The Dodgers have boatloads of money coming off the books this upcoming year. Will they sign Anthony Rendon? Gerrit Cole? Build a bullpen? Seeing is believing.
-- Bill

If signing one of the most expensive free agents is a requirement for your support, you might want to find a team other than the Dodgers. In the five offseasons of the current Dodgers’ front office, it has never signed one of the three most expensive free-agent contracts that winter. There’s already buzz about the Dodgers as landing spots for Cole or Rendon -- as there is every winter for every big-name free agent -- but I’ll believe it when I see it, too. This regime no doubt believes it rarely pays to invest a large percentage of total payroll resources in one player. It’s not about the player, it’s about the numbers. Take the three most expensive free agents over each of those five seasons -- 15 players at an average guarantee of $166 million -- only two of their teams won the World Series the next season (Patrick Corbin’s Nationals would make it three) and two others eventually won a World Series with one of those free agents. The Cubs (four) and Red Sox (three) accounted for almost half of the top 15, each with a World Series win.

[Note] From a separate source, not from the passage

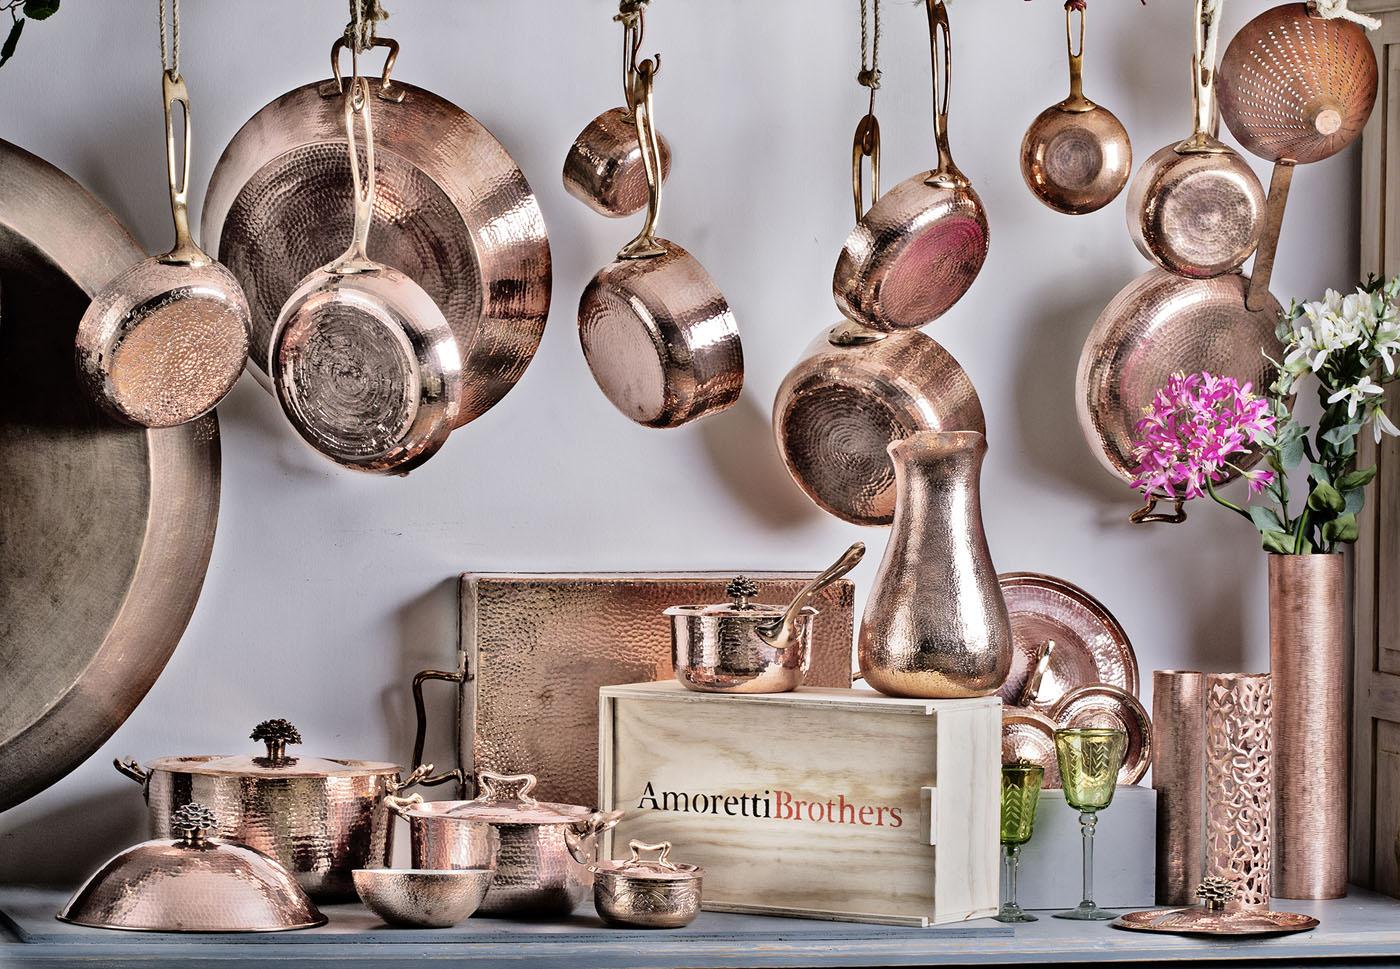 Amoretti Brothers Copper Cookware

Why didn’t the Dodgers start David Freese and get him more at-bats in the playoffs? Why were rookies starting over him?
-- Michael F.

I’m with you. Manager Dave Roberts said he preferred to save Freese for a specific high-leverage at-bat. But for a team with World Series aspirations, the Dodgers bucked conventional wisdom and leaned very heavily on rookies Will Smith, Gavin Lux, Matt Beaty and Dustin May. There’s a reason why so many postseason heroes are veterans, but the Dodgers chose to keep Freese and Russell Martin mostly on the bench during the NLDS. In his only playoff start, Martin drove in four runs.

I was just reading your story about Justin Turner. How does his positioning in the Dodgers’ shift alignment factor into his defensive ratings?
-- Paul

I’ve wondered that, too. This explanation comes from Neil Weinberg of Fangraphs:

“Ground balls in which the over shift is on are excluded from the individual calculations. So it’s like the play never happened. Because both stats are relative to league average, this is basically like saying everyone plays like a league average defender when the shift is on. Obviously not ideal, but that’s how it works for now. However, DRS has a stat called Shift Runs Saved which measures how many runs a team saves by using the shift. So it’s not credited as a run saved to any single player, just the team as a whole.”

I am not sure what the thought process was with using May. He seemed rather formidable as a starter and then they tinkered with him and tried him as a reliever, and he encountered some difficulties. I remember when Walker Buehler came up as a reliever and struggled. When they left him alone as a starter he did well. Shouldn’t they just leave him as a starter? Didn’t he get his high ranking as a starter?
-- Jeff, Lancaster, Calif.

This is what the Dodgers do. They aren’t alone, although they move players around like interchangeable parts about as liberally as any team. They’ve had success mostly with multiple-position players like Cody Bellinger, Max Muncy, Kiké Hernández and Chris Taylor. Veteran Kenta Maeda might be better in relief, but shifting young pitchers between starting and relieving is a greater challenge. The Buehler experiment was a disaster and results have been mixed with Julio Urías, Ross Stripling and May. But some of the greatest closers were former starters (Eric Gagne, Dennis Eckersley, etc.), so you don’t know if you don’t try.